Sophie started to leave the floor, but a very bleary-eyed drywaller stepped in front of her.
“You’re the most alive person I’ve ever seen,” he said.
Sophie had thought she’d heard all the two a.m. come-ons. Hell, she’d fallen for plenty of them way back when, but this was so corny she could only blink with bemusement.
“Has that ever worked? Ever?” she asked.
“No dice, champ.” Logan slid his arm around her and turned her into his chest, drawing her into the lazy rhythm of the song. “Unless you wanted to dance with him?” he asked as he created a small space so he could see her face.
His shirt was damp from all their dancing. His hands on her waist were heavy and hot enough to scald.
“No, but I should get home.” Her feet shuffled into the slow beat, though, so she swayed in time with him. Their bodies brushed and she let herself lean a little closer.
The band sang a lyric about the gates of love budging an inch and she kept her gaze pinned on the hollow at the base of his throat.
Leave, she told herself, but she stayed in a state of heaven and hell, thinking of all the times she had left with the wrong guy, wishing Logan had been the one taking her home. He would be tonight, but not in the way that mattered. Not forever.
He had called his life in Florida hollow. Hers had been so full all these years it was often too full, but there was a pocket of emptiness in it, too. It was a Logan-shaped hole that she had packed with graveled resentment and hostility, then papered over with Never Again.
Those sorts of patches never stuck, though. It was splitting and spilling and she could feel that empty space growing inside her again.
The last notes petered out and the lights went up and all the couples broke apart.
Sophie felt sweaty and melancholy as they trailed outside to begin walking home by the flashlights on their phones.
“Did you get your credit card?” Emma asked Reid.
“I told them to put all our drinks on Logan’s tab. They’ll settle up with him next time he’s in.”
“Joke’s on you. I’m going to expense it,” Logan said.
“The joke is on them.” Sophie thumbed at Reid and Emma. “They have a houseful of kids to wake up to. Thank you for that, by the way. Oh wait. The joke is on me,” she realized with a groan. “I have a nine-year-old’s birthday party tomorrow. That’s going to be loud.”
“We have played this so smart, Em.” Reid looped his arm around his wife. “It’s Logan’s day with Storm. See you at seven, bro. Oh wait. I’ll still be in bed.”
“We promised the kids you’d make pancakes,” Emma said over her shoulder. “But Imogen is a great helper. She hardly ever gets eggshell in the batter anymore.”

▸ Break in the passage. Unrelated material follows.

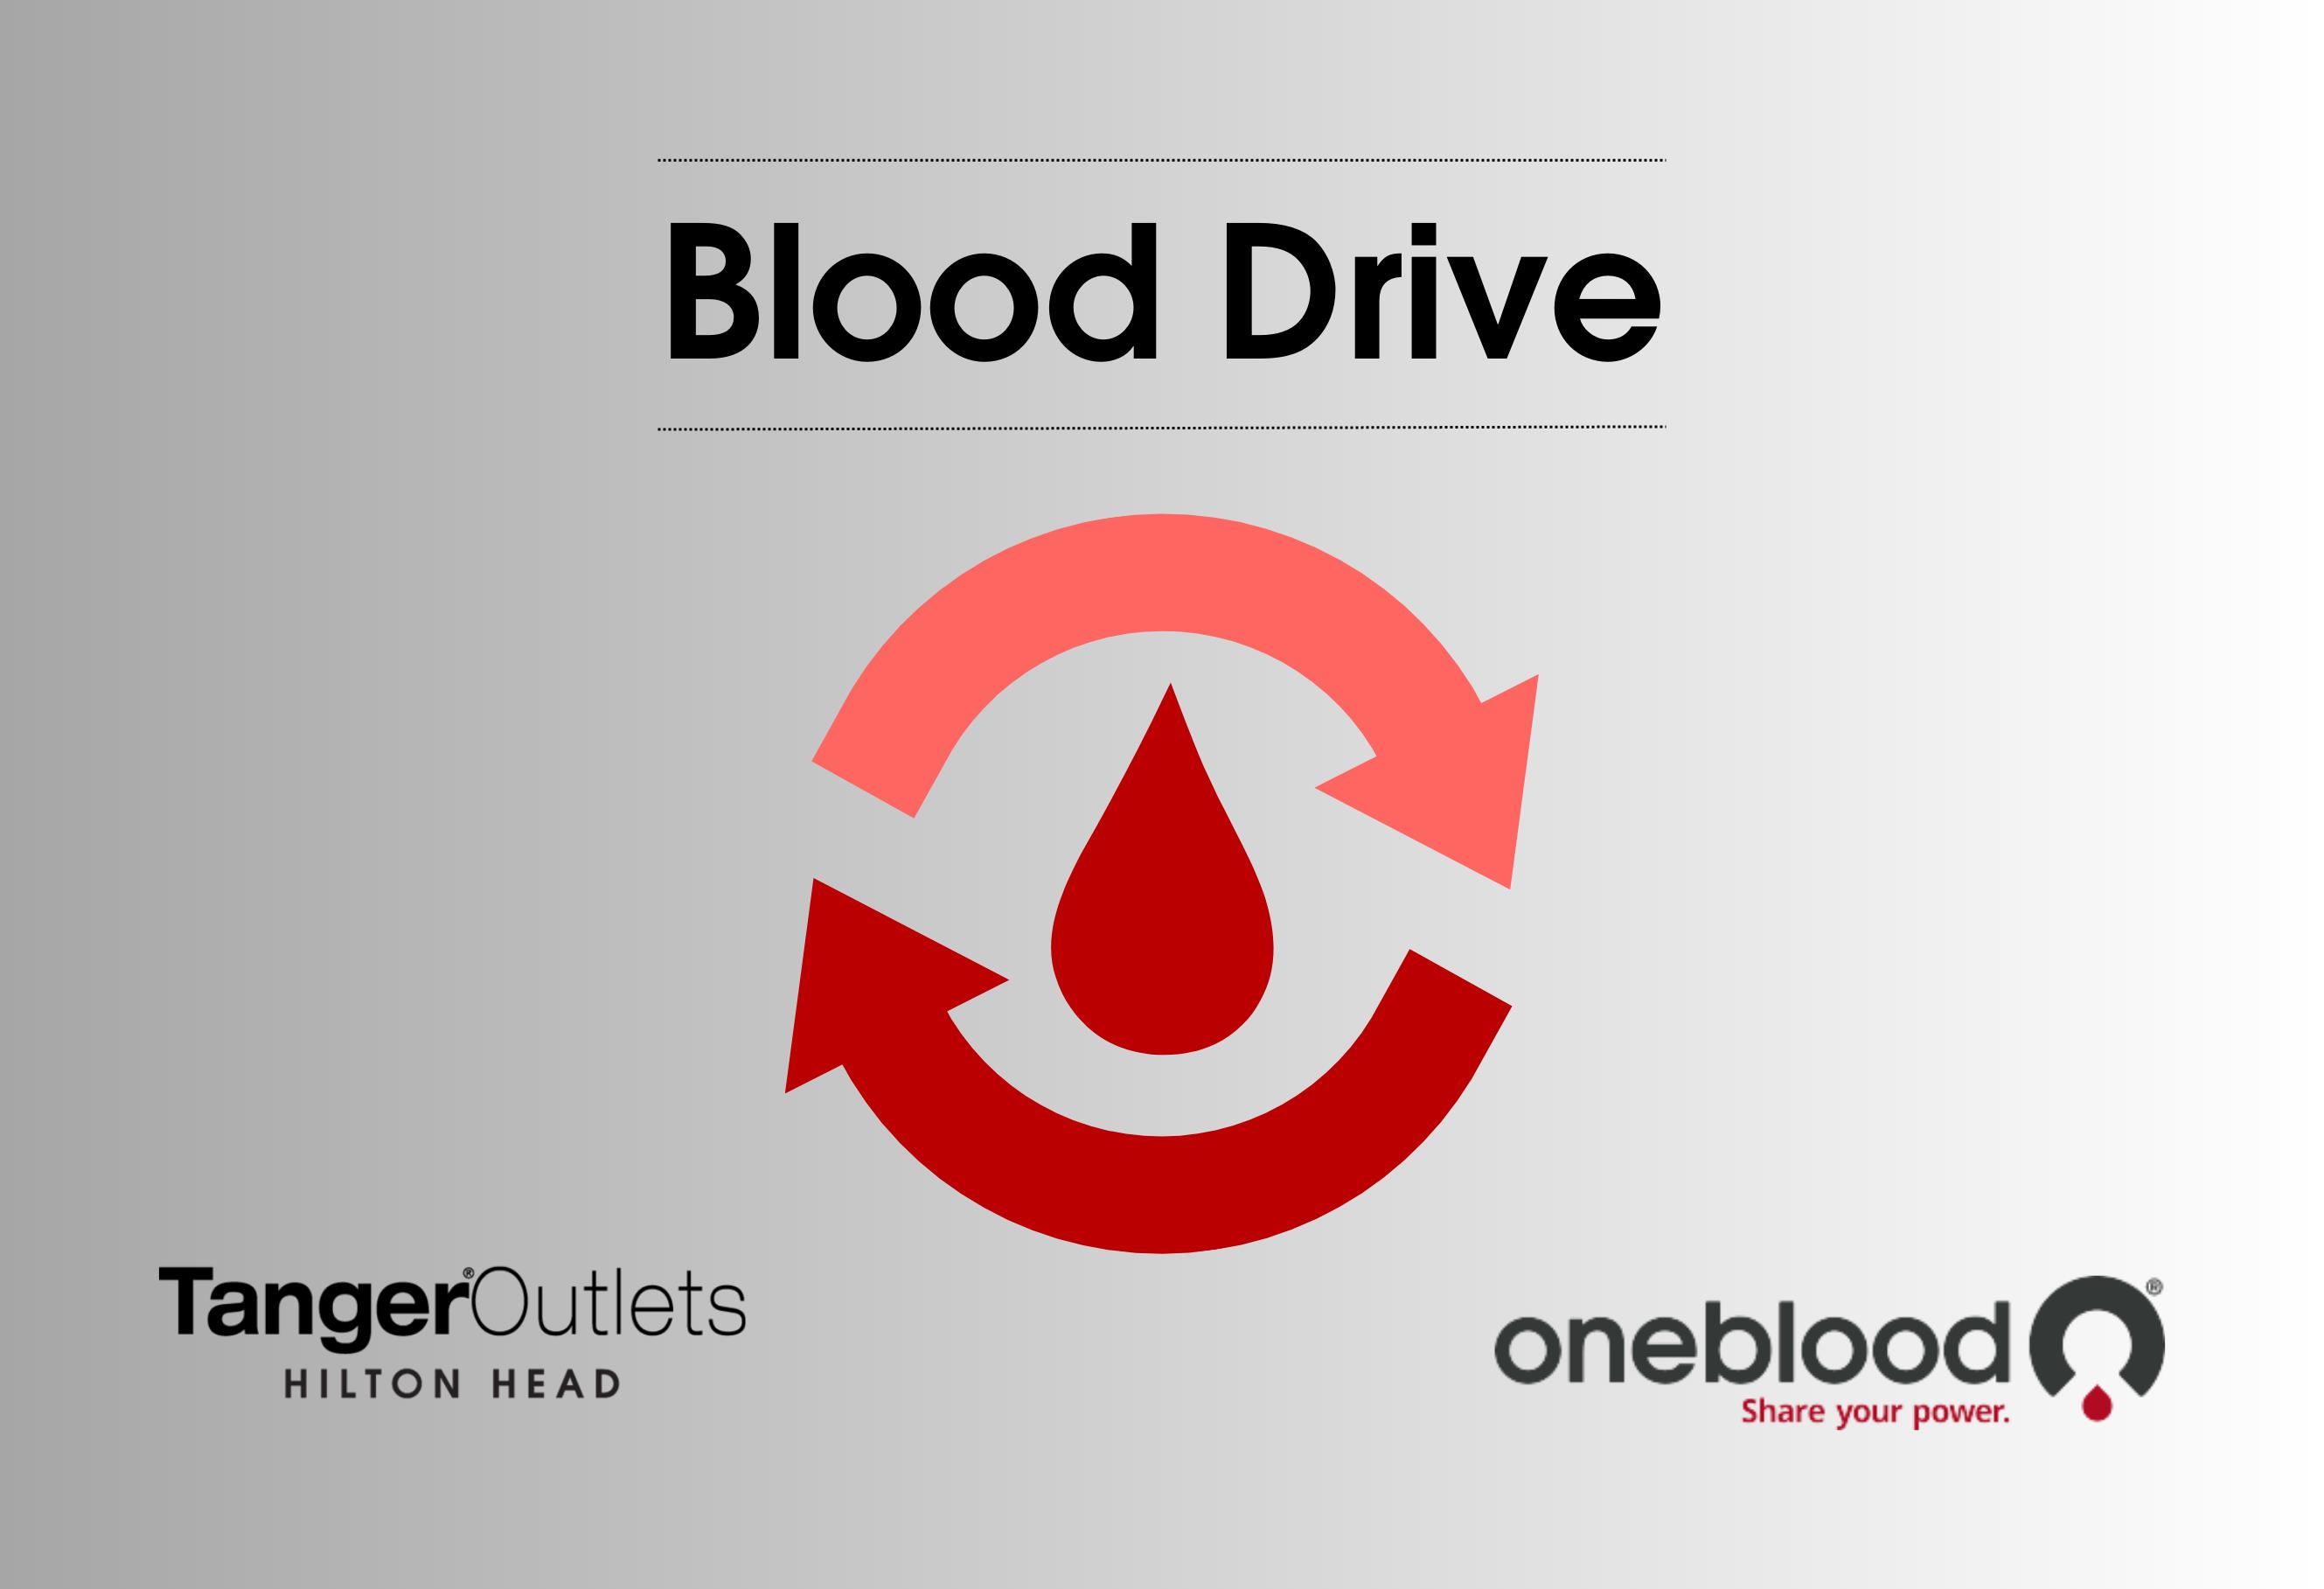 OneBlood Blood Drive

“Yeah, yeah,” Logan said as they reached the spot where the Fraser driveway split off from the lane that led to Sophie’s driveway and the rest of the houses along the flats behind the bluff. “You kids go home and have some of that loud sex you like to have. I’m sure Delta has learned to sleep through it.”
“Why does he have to ruin everything?” Reid asked Emma as they started up the hill.

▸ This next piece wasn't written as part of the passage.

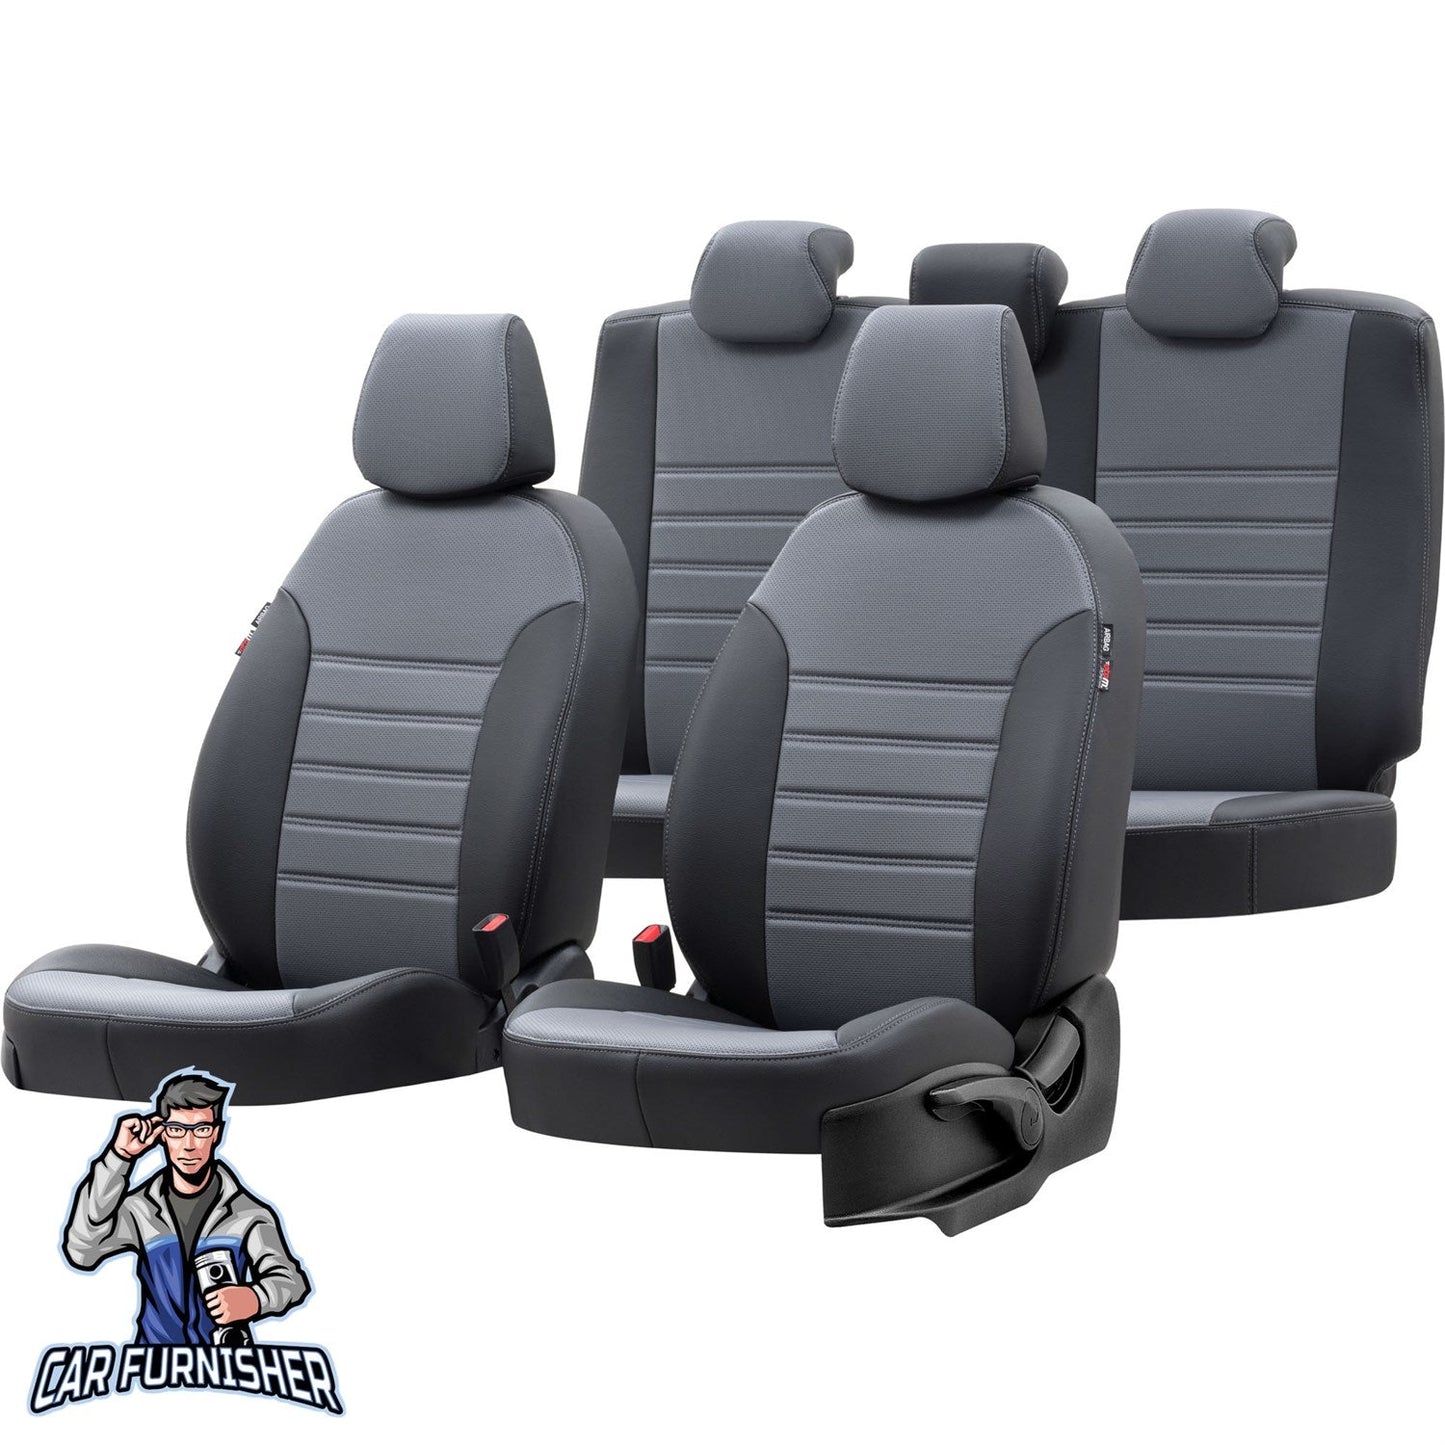 Toyota Rav4 Seat Cover New York Leather Design Smoked Black Leather

She said something that made him chuckle, but Sophie didn’t catch it.
The night closed in around her and Logan as they continued along the lane.

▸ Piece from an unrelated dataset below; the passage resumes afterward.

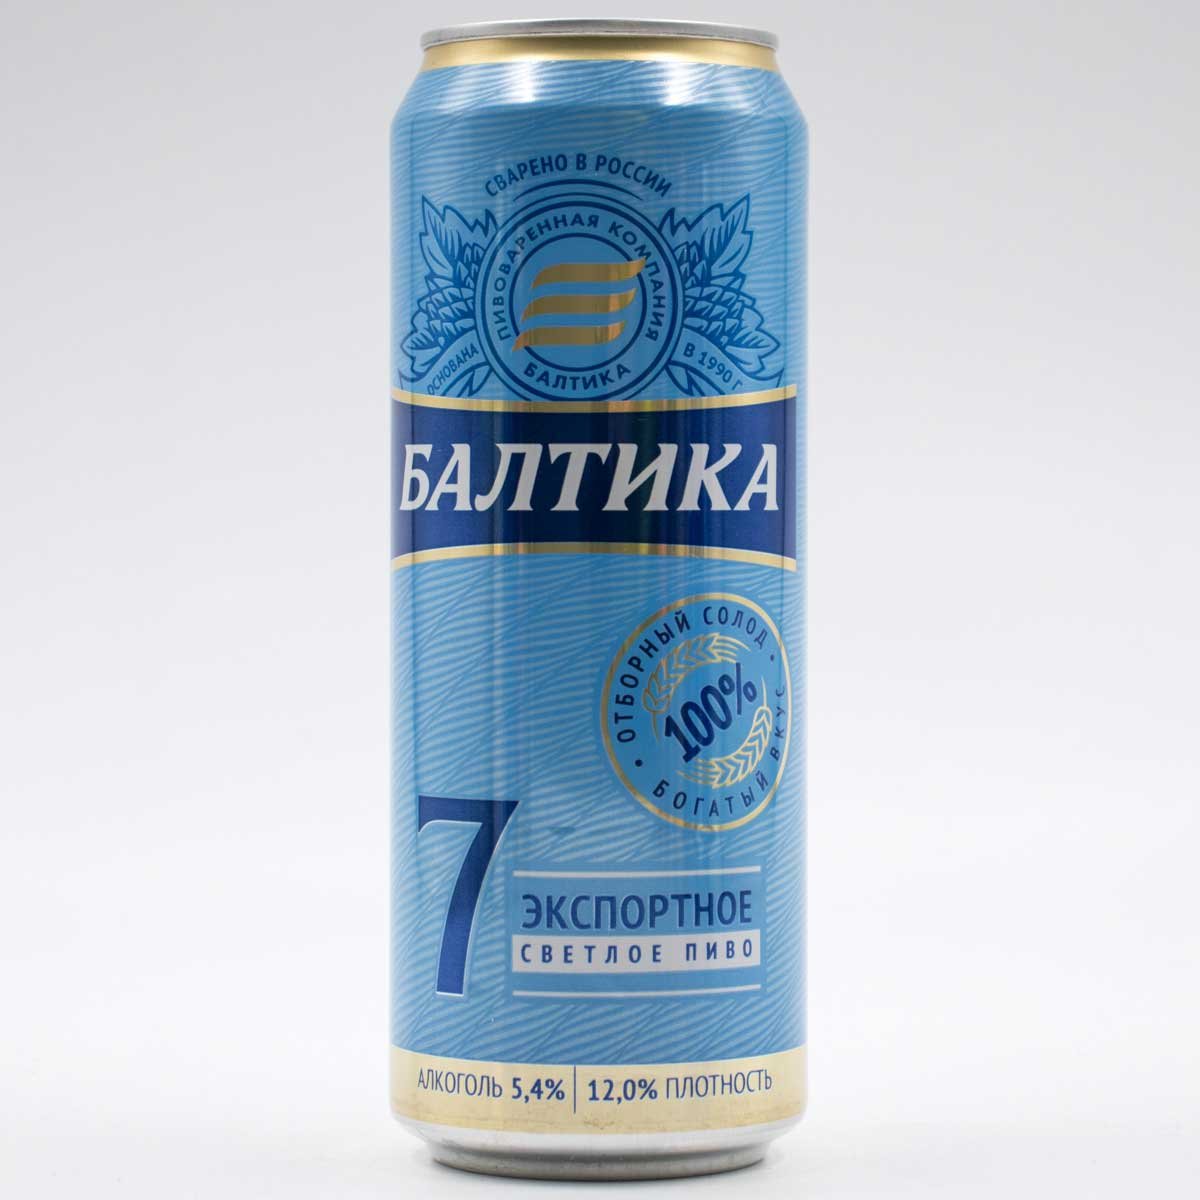 Балтика 7 экспортное. Пиво Балтика 7 Экспортное. Пиво Балтика Экспортное 7 светлое 0.45л. Балтика 7 0,45. Пиво Балтика 7 Экспортное светлое ж/б е/о 0,5л.

Despite the glow off her phone, Sophie staggered when her foot turned on a small, round rock.
“Okay?” Logan caught her elbow.
“Why do I get the feeling you’re not as drunk as me?”
“I outweigh you by fifty pounds and I train for nights like this.”
He didn’t actually drink that much. He often had a beer with Gramps at the end of the day, but not always. If he did, it was usually just the one. As far as she could tell, he didn’t drink at all if it was his shift with Storm.
“How drunk are you?” he asked in a tone that instantly made her cautious.
“Not sober enough for whatever you’re thinking about suggesting.”
“I don’t want sex.” He sounded insulted. “I wondered if you were going to remember something if I say it.”
“Do you want me to?”
“Yes.”
“What?”
He stopped and turned off his flashlight. Her own glowed in a circle around her feet as she stopped to look at his silhouette.
“I’m sorry.” His voice was low, but firm and sincere. Powerful enough to shake the ground beneath her feet.
“For?” She braced herself, not sure she wanted to know. Not sure she wanted to go all the way back to that. Not now. Not ever.
He drew a breath and slowly blew it out. His head turned so he looked out to where the wind was coming in off the water and the sound of waves washing against the shore was a steady rush.
“For hurting you. For taking advantage of the way you felt about me. It’s no excuse to say that I needed to reinvent myself away from here, but that’s what it was. That’s why I didn’t want you to come with me. My screwed-up relationship with my father—with my whole family—was never yours to fix so I shouldn’t have turned to you when I was looking for ways to avoid him back then. That was childish and selfish.”
“It was.” She folded her arms, trying to tamp down on the ache that was rising in her chest like a breaching orca.